The current owners, Seattle restaurateurs Heather Earnhardt and Zac Young, offer a rotating breakfast, lunch and dinner menu continuing to feature Tokeland's fresh seafood and the hotel's signature Cranberry Pot Roast."It’s “Big Food Big Love,” as the title of [Heather Earnhardt's] 2016 cookbook puts it — including her famous fried chicken at breakfast, lunch and dinner. As befits historical Pacific Northwest coastal lodging — and as Earnhardt and Young befriend local, independent sources — there are oysters, Dungeness crab and more, fresh from right around the bay."

===Local lore===
The Tokeland Hotel lists on its website Rooms 4 and 7 as 'Haunted Rooms' and enthusiasts have regularly visited the Tokeland Hotel to test for paranormal activity.

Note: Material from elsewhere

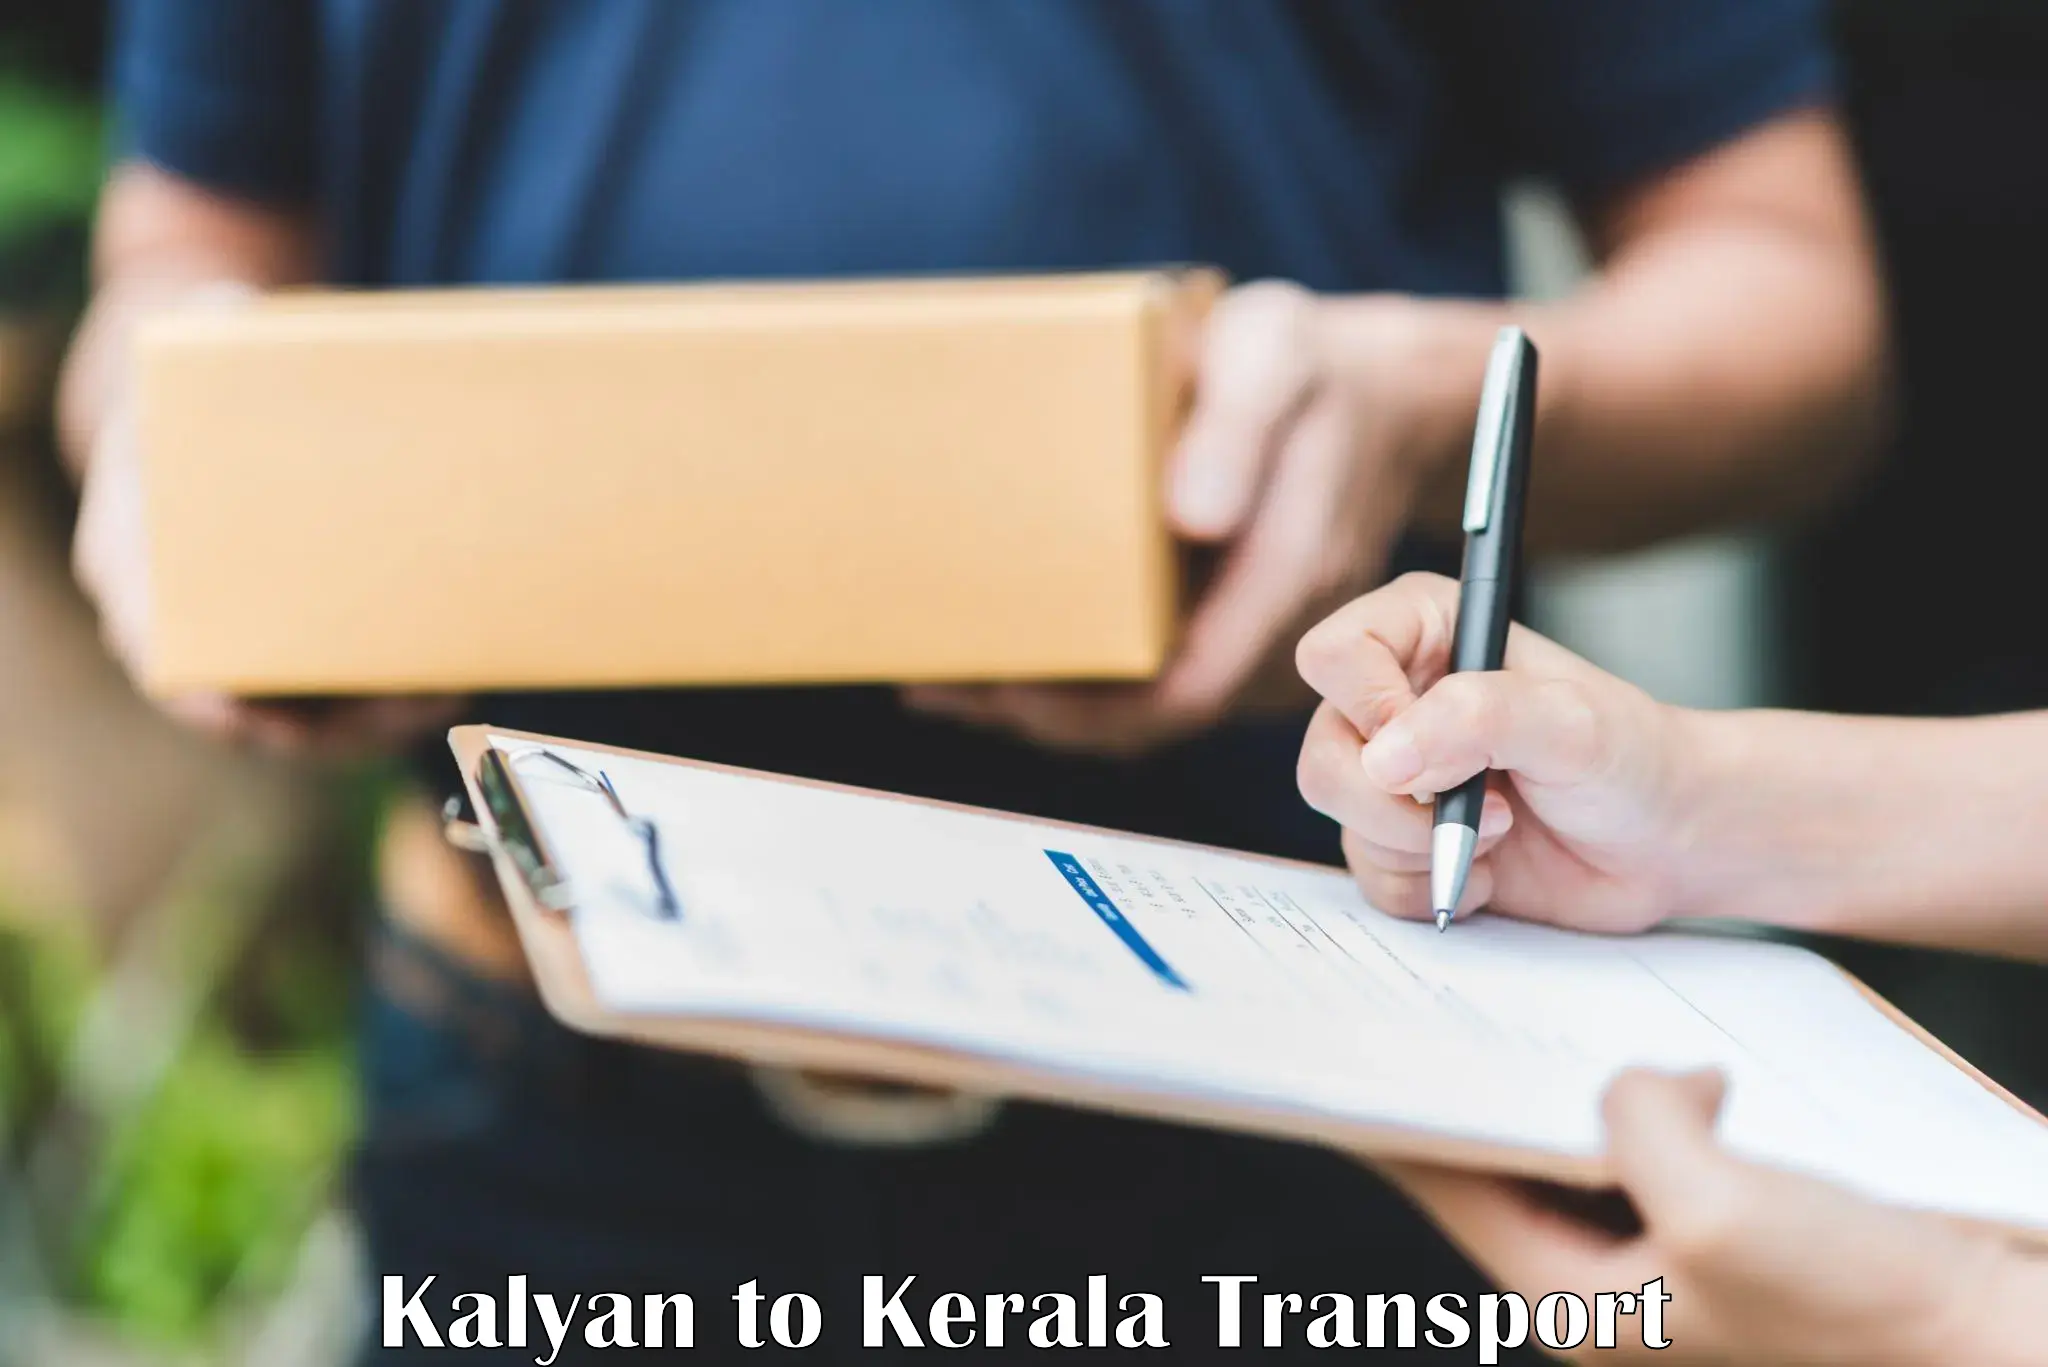 Daily transport service Kalyan to Irinjalakuda

One of several ghosts said to haunt the premises is known as "Charley", an immigrant from mainland China smuggled into the US to work on the railroads in the early 1900s. Having jumped ship and swum ashore, Charley fled the smugglers pursuing him. The Kindreds are said to have offered Charley a hiding place behind the parlor fireplace. But while waiting for the coast to clear, Charley died of suffocation and roams the hallways and sometimes spins dinner plates at the restaurant. "I'm leaving with a sense that there are a lot of secrets hidden in the walls. I do feel like something's happened here" - Teresa Carol, clairvoyantOn the grounds of the Tokeland Hotel the headstones of Lizzie Kindred's half brothers can be found, brought over from the Cedar River cemetery as it was being washed away. One belongs to Albert Brown (April 1, 1856 - May 1, 1866) who, stuck in the mud in Teal Duck Slough, drowned as the tide came in when Lizzie Kindred was only three. The other belongs to Leonidus Norris (April 18, 1849 - April 8, 1873) who died in a shooting accident at 24.

10-year old Albert is rumored to haunt the halls of the hotel. Guests have also reported feeling a ghost cat pad across their bed.